What's new in 6.45beta42 (2019-May-08 12:44):

MAJOR CHANGES IN v6.45:
----------------------
!) dot1x - added support for IEEE 802.1X Port-Based Network Access Control (CLI only);
!) ike2 - added support for EAP authentication methods (eap-tls, eap-ttls, eap-peap) as initiator (CLI only);
----------------------

Changes in this release:

!) dot1x - added support for IEEE 802.1X Port-Based Network Access Control (CLI only);
*) capsman - fixed interface-list usage in access list;
*) cloud - added "replace" parameter for backup "upload-file" command;
*) crs3xx - correctly handle switch reset (introduced in v6.45beta31);
*) defconf - added "custom-script" field that prints custom configuration installed by Netinstall;
*) defconf - automatically set "installation" parameter for outdoor devices;
*) dhcp - create dual stack queue based on limitations specified on DHCPv4 server lease configuration;
*) dhcpv4-server - added RADIUS accounting support with queue based statistics;
*) dhcpv6-server - added "insert-queue-before" and "parent-queue" parameters (CLI only);
*) discovery - correctly create neighbors from VLAN tagged discovery messages;
*) discovery - show neighbors on actual mesh ports;
*) ethernet - increased loop warning threshold to 5 packets per second;
*) gps - make sure "direction" parameter is upper case;
*) gps - strip unnecessary trailing characters from "longtitude" and "latitude" values;
*) hotspot - moved "title" HTML tag after "meta" tags;
*) ipsec - added support for RADIUS accounting for "eap-radius" and "pre-shared-key-xauth" authentication methods (CLI only);
*) rb921 - improved system stability ("/system routerboard upgrade" required);
*) ssh - accept remote forwarding requests with empty hostnames;
*) ssh - improved remote forwarding handling (introduced in v6.44.3);
*) tr069-client - improved error reporting with incorrect firware upgrade XML file;
*) w60g - do not show unused "dmg" parameter;
*) w60g - show running frequency under "monitor" command;
*) winbox - show "LCD" menu only on boards that have LCD screen;
*) wireless - fixed frequency duplication in the frequency selection menu;
*) wireless - improved 160MHz channel width stability on rb4011;
*) wireless - improved installation mode selection for wireless outdoor equipment;
*) wireless - set default SSID and supplicant-identity the same as router's identity;
*) wireless - updated "china" regulatory domain information;

If you experience version related issues, then please send supout file from your router to support@mikrotik.com.

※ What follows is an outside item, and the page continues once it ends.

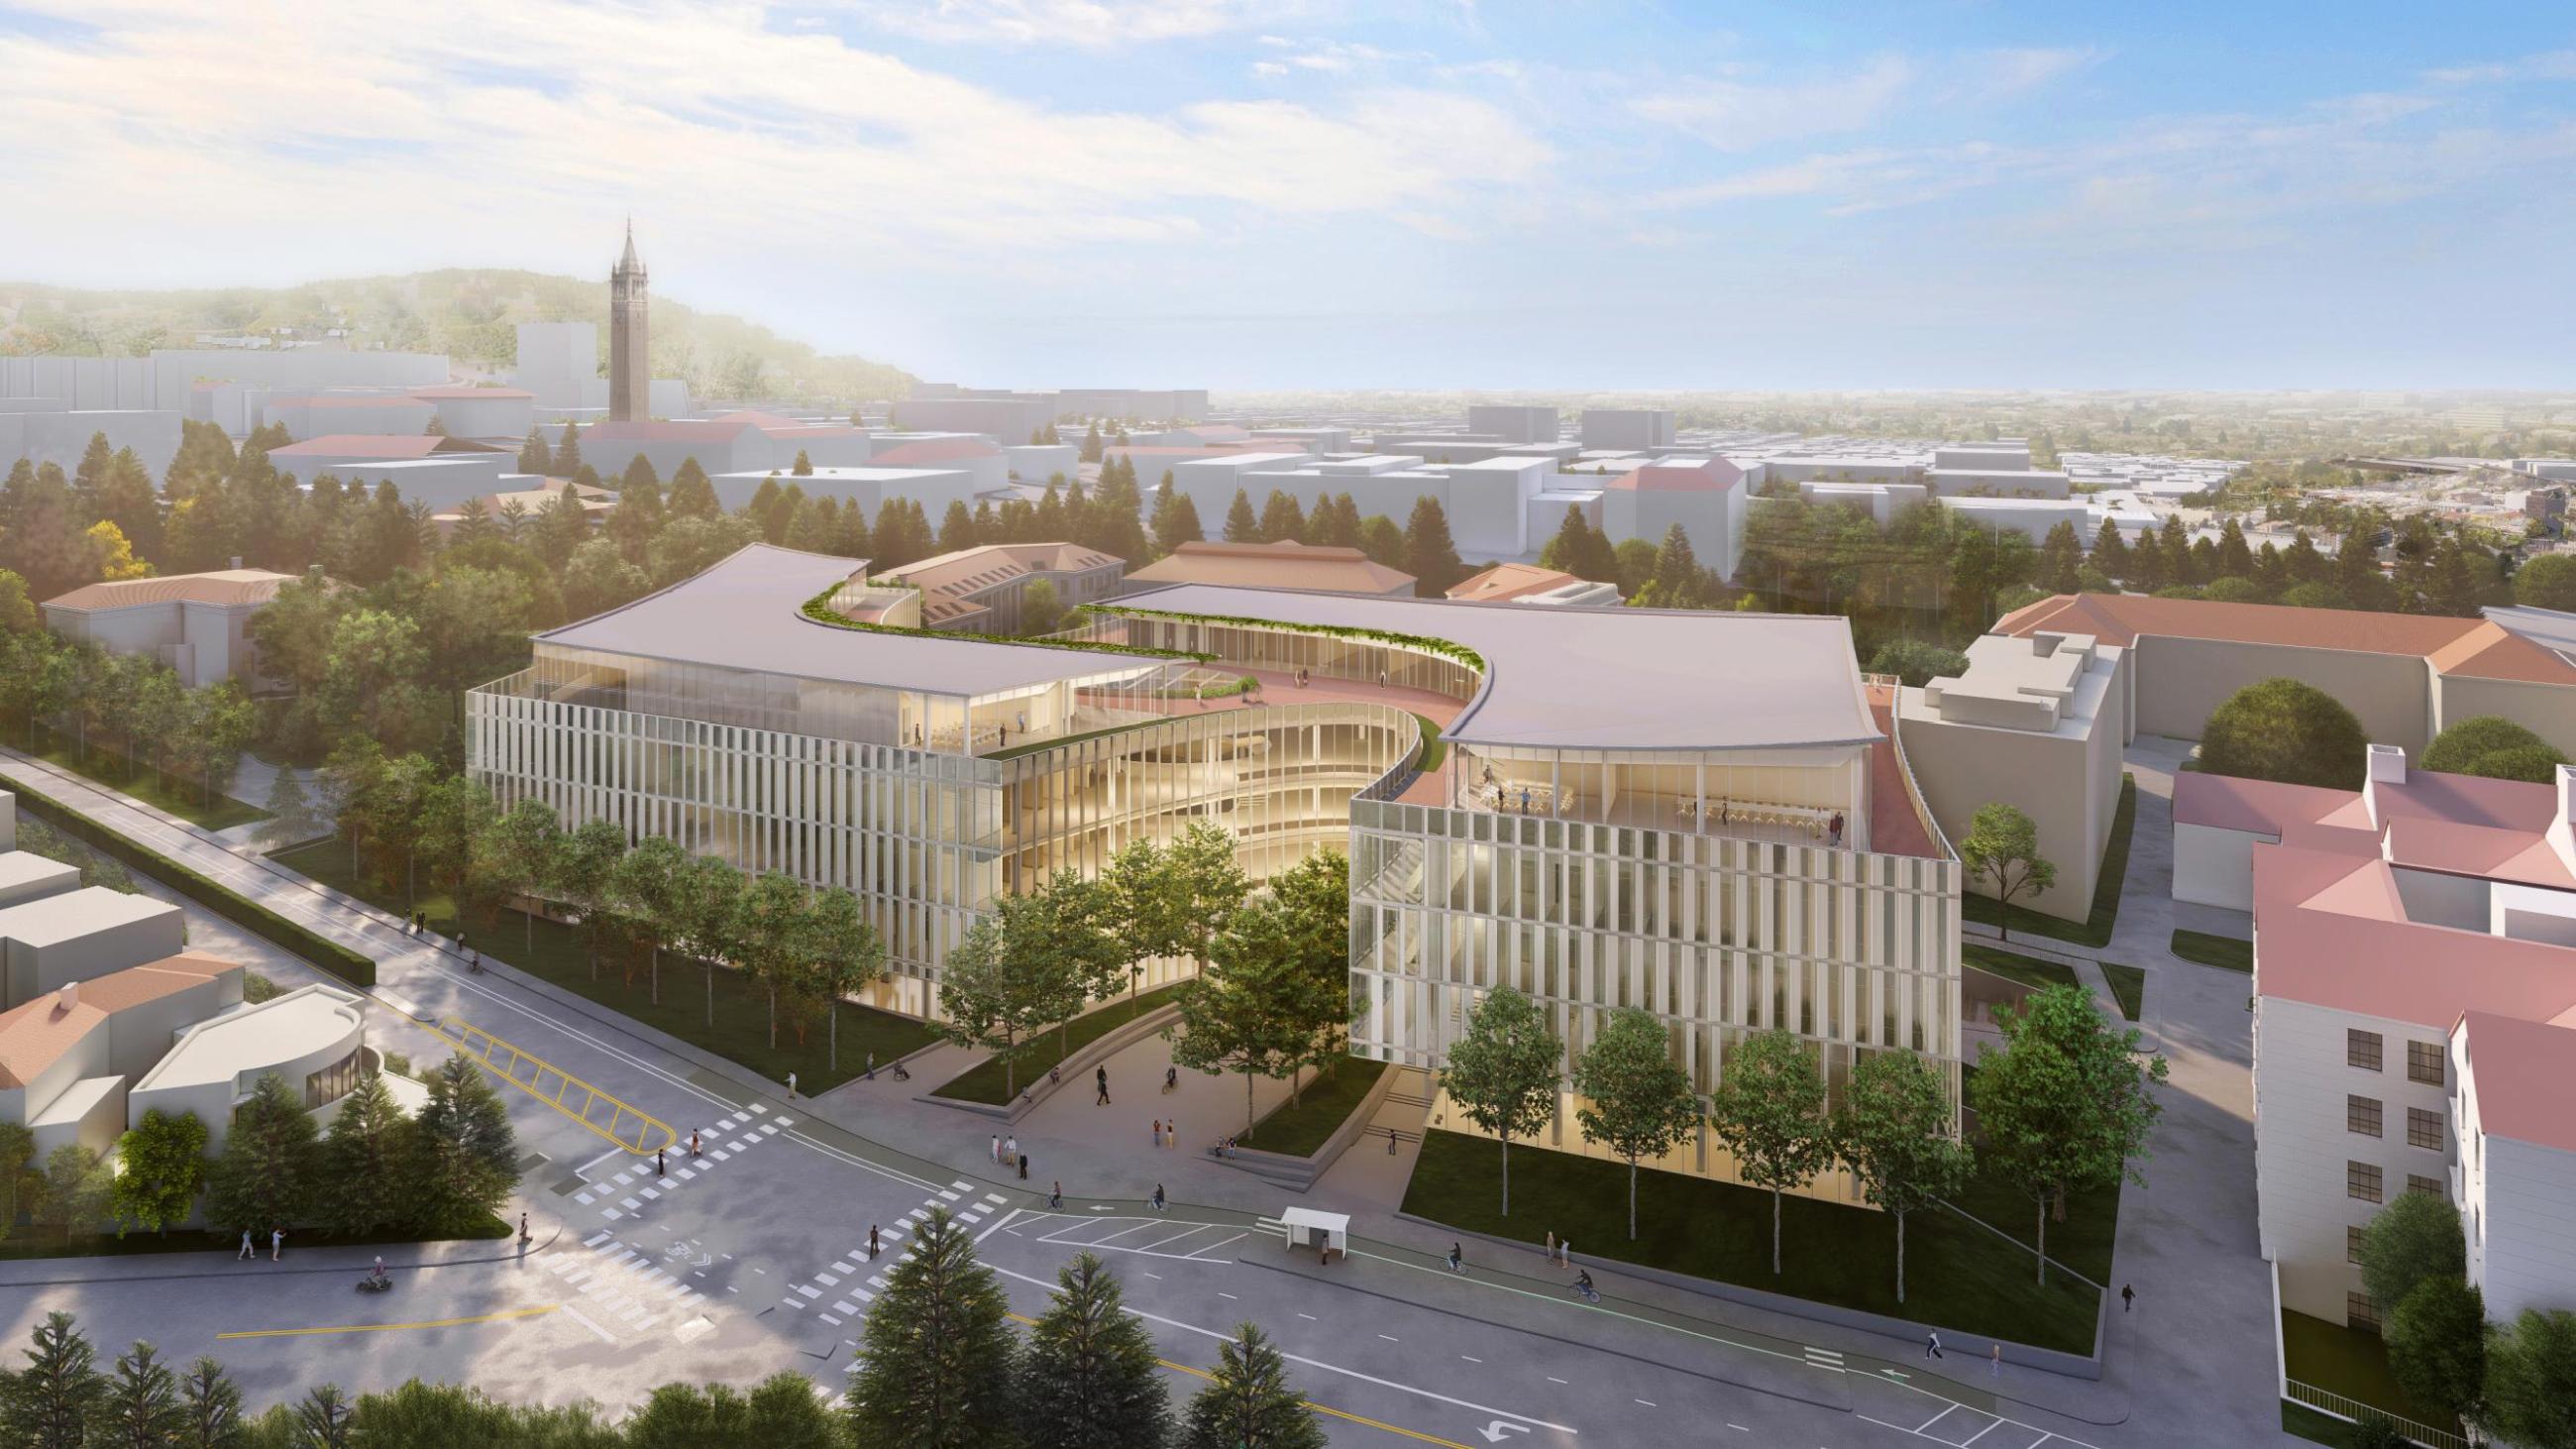 The Gateway building will be located on the UC Berkeley campus at the intersection of Hearst Avenue and Arch Street. (Rendering by Weiss/Manfredi architecture firm)

File must be generated while router is not working as expected or after crash.

Re: v6.45beta [testing] is released!

Posted: Thu May 09, 2019 4:04 pm
by buset1974
when will you start to fix the problem with BGP and OSPF?

thx

Re: v6.45beta [testing] is released!

Posted: Thu May 09, 2019 5:01 pm
by Chupaka
the problem with BGP and OSPF?
One problem with both protocols? Are you sure? :)

Re: v6.45beta [testing] is released!

Posted: Thu May 09, 2019 5:54 pm
by osc86
After upgrading from beta31 to beta34-42, all IKEv2 PSK ipsec tunnels don't come up, getting Authentication failed in the logs (yes, psk is the same on both sides, hasn't been changed).
Downgrading to beta31 again resolves the issue.

16:50:20 ipsec notify: AUTHENTICATION_FAILED
16:50:20 ipsec,error got fatal error: AUTHENTICATION_FAILED

Re: v6.45beta [testing] is released!

Posted: Fri May 10, 2019 9:34 am
by emils
osc86, I can not reproduce the issue. Can you please send a supout.rif file to support@mikrotik.com?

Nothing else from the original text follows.